And to add insult to injury they want me to make lasagna? Do they not know I am married to a 100% pure blooded Sicilian who will eat no other Italian food besides his mamma's? Did I do something to piss off the Daring Bakers?

Well, being the stubborn me that I am, I did not let these obstacles deter me from my challenge. I expected to either throw it away cuz it would totally suck, or end up eating it myself for a whole week until it was all gone.






The March 2009 challenge was hosted by Mary of Beans and Caviar, Melinda of Melbourne Larder and Enza of Io Da Grande. They have chosen Lasagne of Emilia-Romagna from The Splendid Table by Lynne Rossetto Kasper as the challenge. If you want the recipes, click on the hosts' sites above.

For this challenge we had to make our own homemade spinach pasta, and use a recipe for bechamel sauce and a meat ragu. Alrighty then! The only thing I have used my pasta machine for is fondant and gumpaste. But make the pasta I did. I totally screwed up the recipe and had to add about 3 more eggs to make it kneadable and non brick-like. I knew this was gunna be bad from the get go.




I made mine as rolls, rather than the traditional layered casserole because, well, that's how I roll. HAHA. I crack myself up sometimes.

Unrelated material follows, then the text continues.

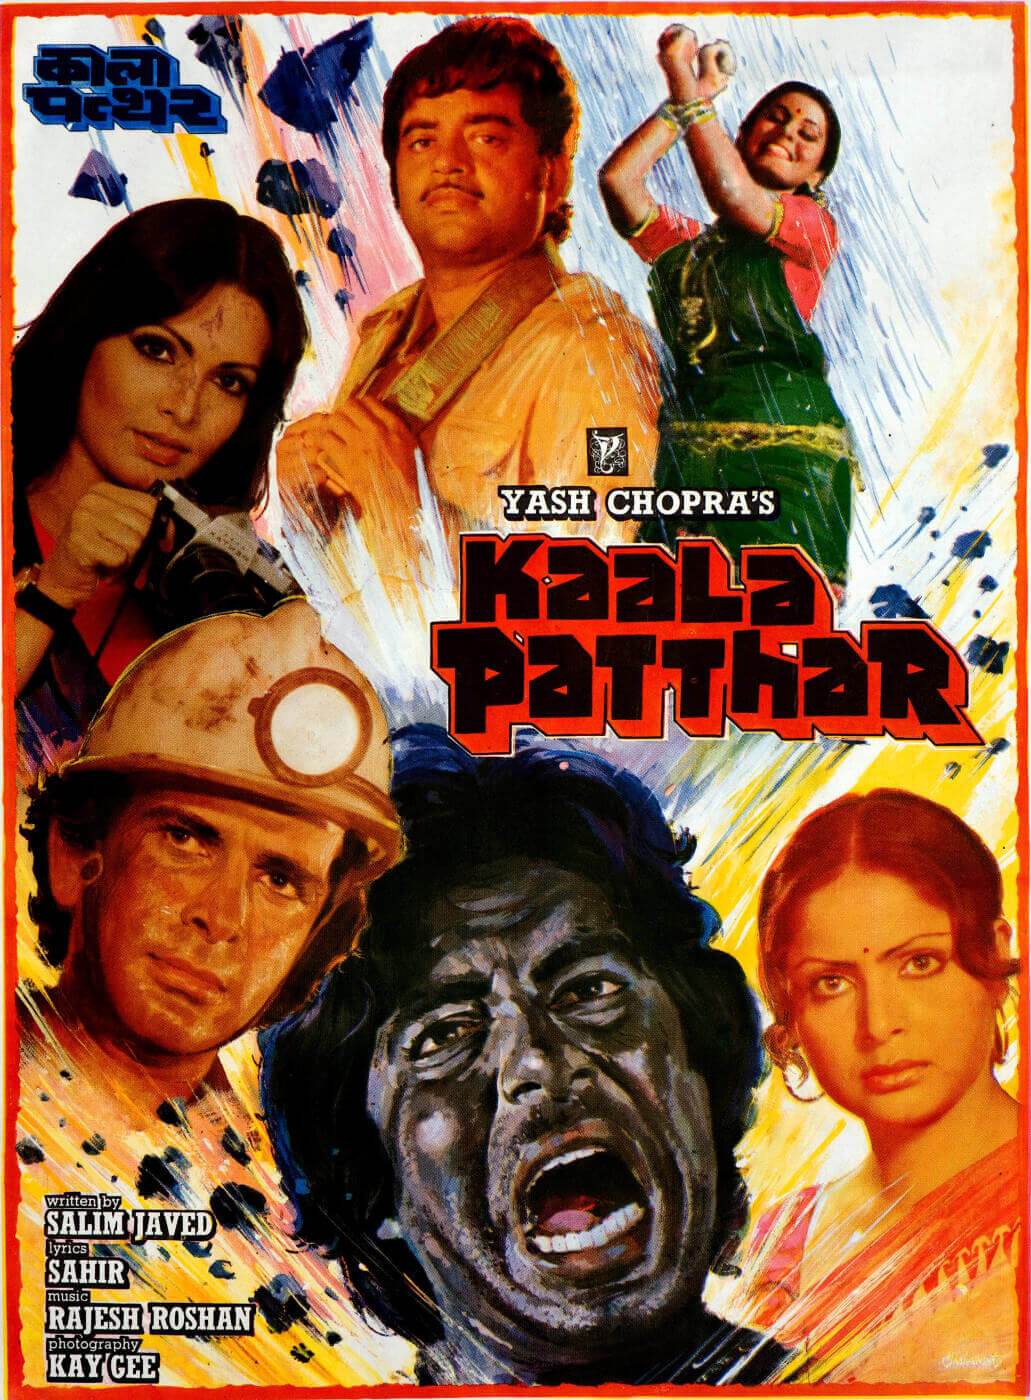 kaala-patthar-1979-4152-poster.jpg
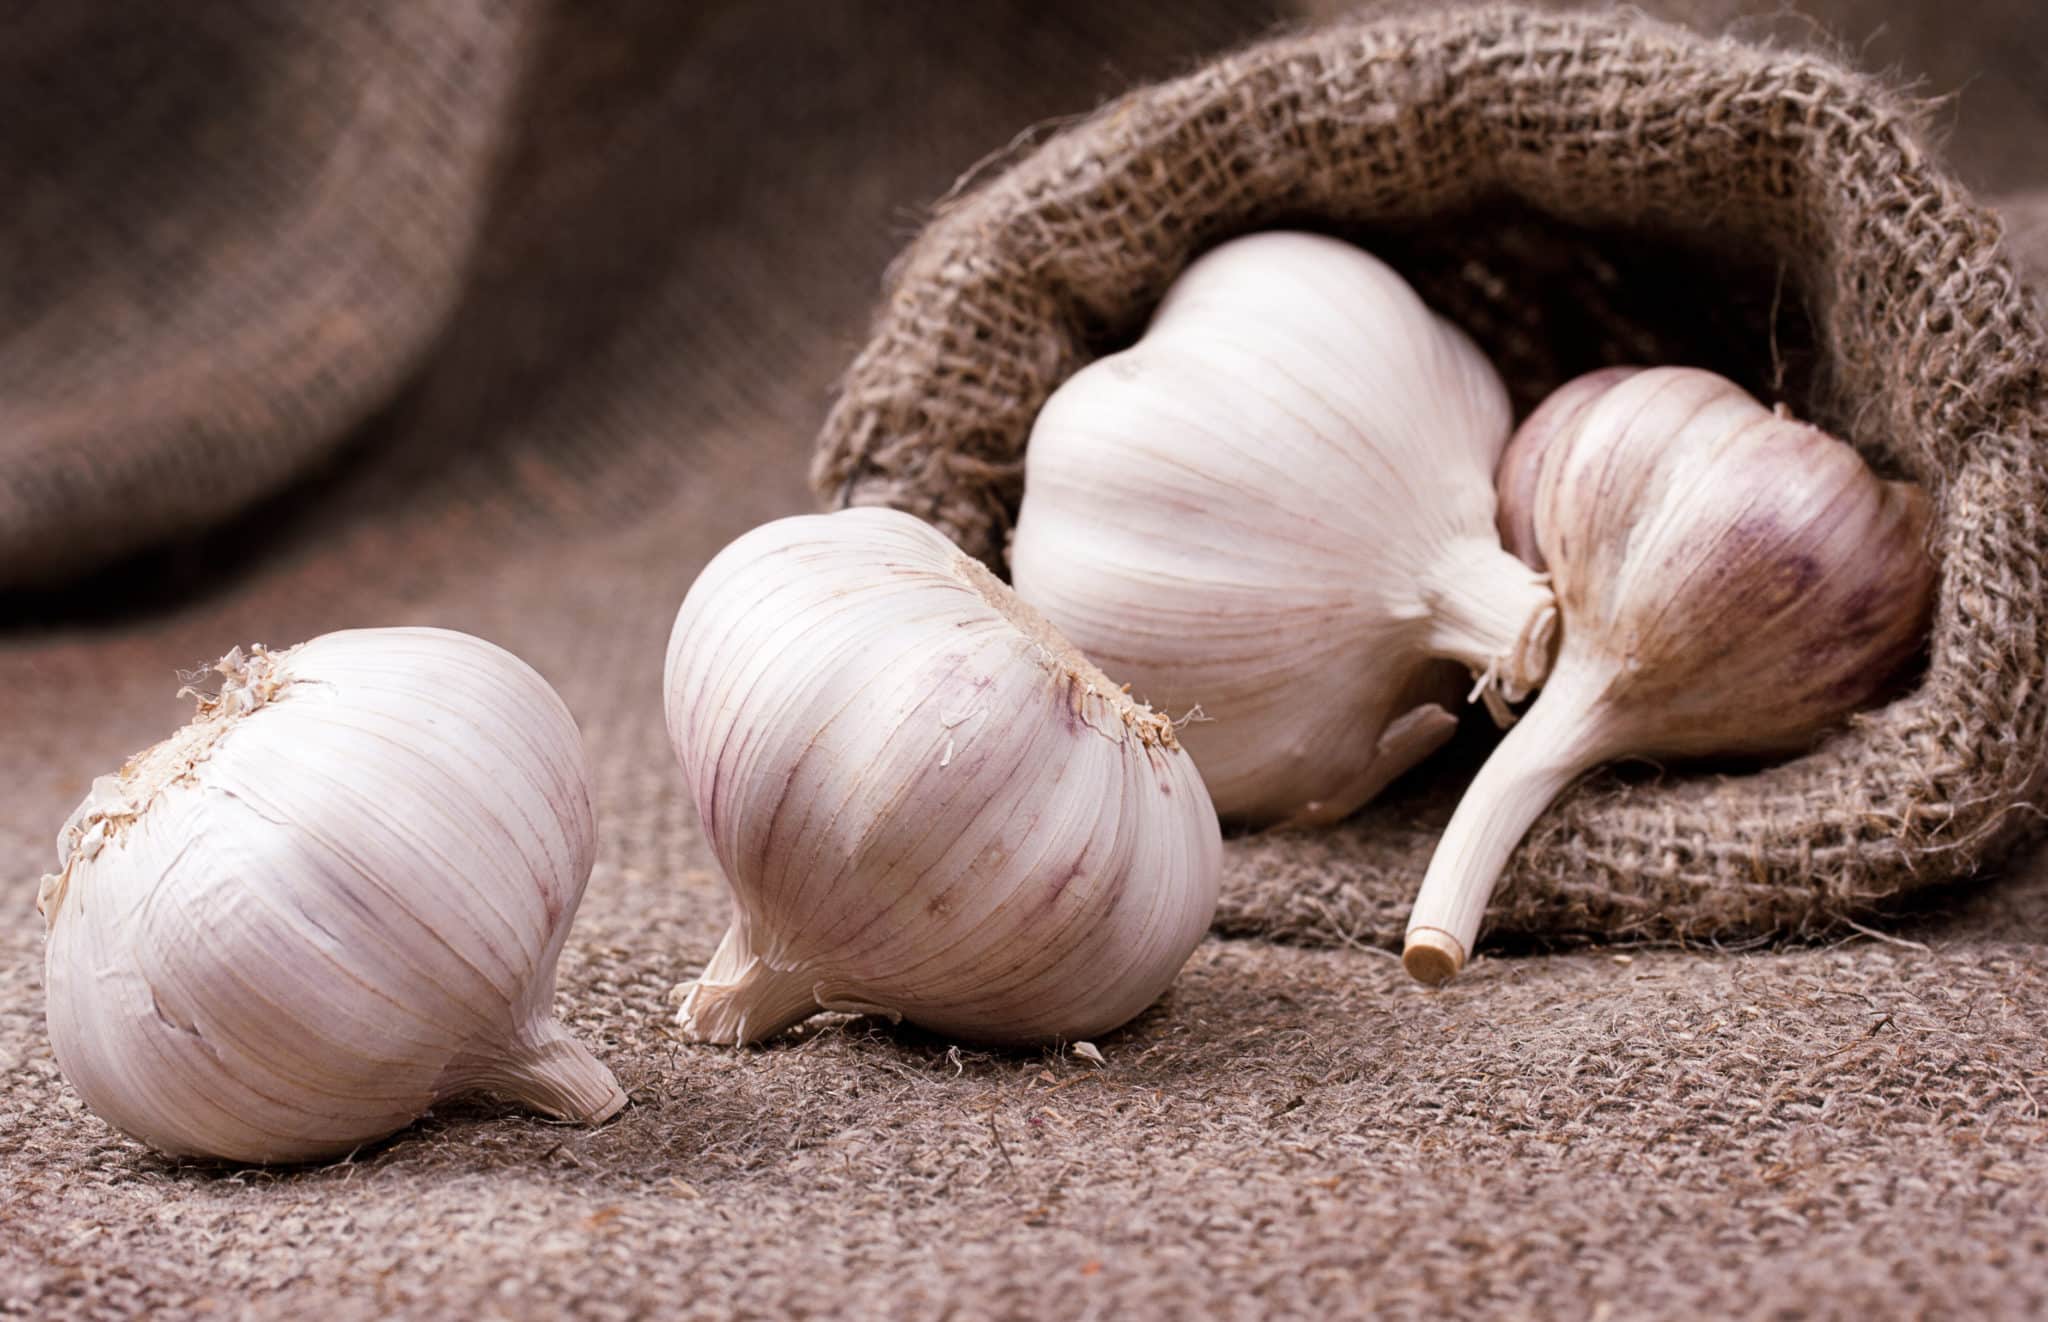 Bulbs of garlic on burlap cloth

J saw the green pasta and asked what the heck was that? I told him I was making lasagna (which he does like) and that it was broccoli pasta and he would love it. I told him it was broccoli because he loves broccoli and if he knew it was spinach he might not even try it.


Well, later that evening as the lasagna is baking he comes into my office and says,

J: Mom, that stuff has spinach in it?

Me: Getting nervous and pretending I did not lie earlier: Yeah, it does.
J: You said it was broccoli. I saw a package in the garbage can that said spinach.
Me: (Busted!) I did? Oh, I just said the wrong thing. It tastes just like broccoli. You won't even taste it in the lasagna. Trust me, you will like it.
J: Yeah, whatever.



OK, so I know for sure he's gunna hate it.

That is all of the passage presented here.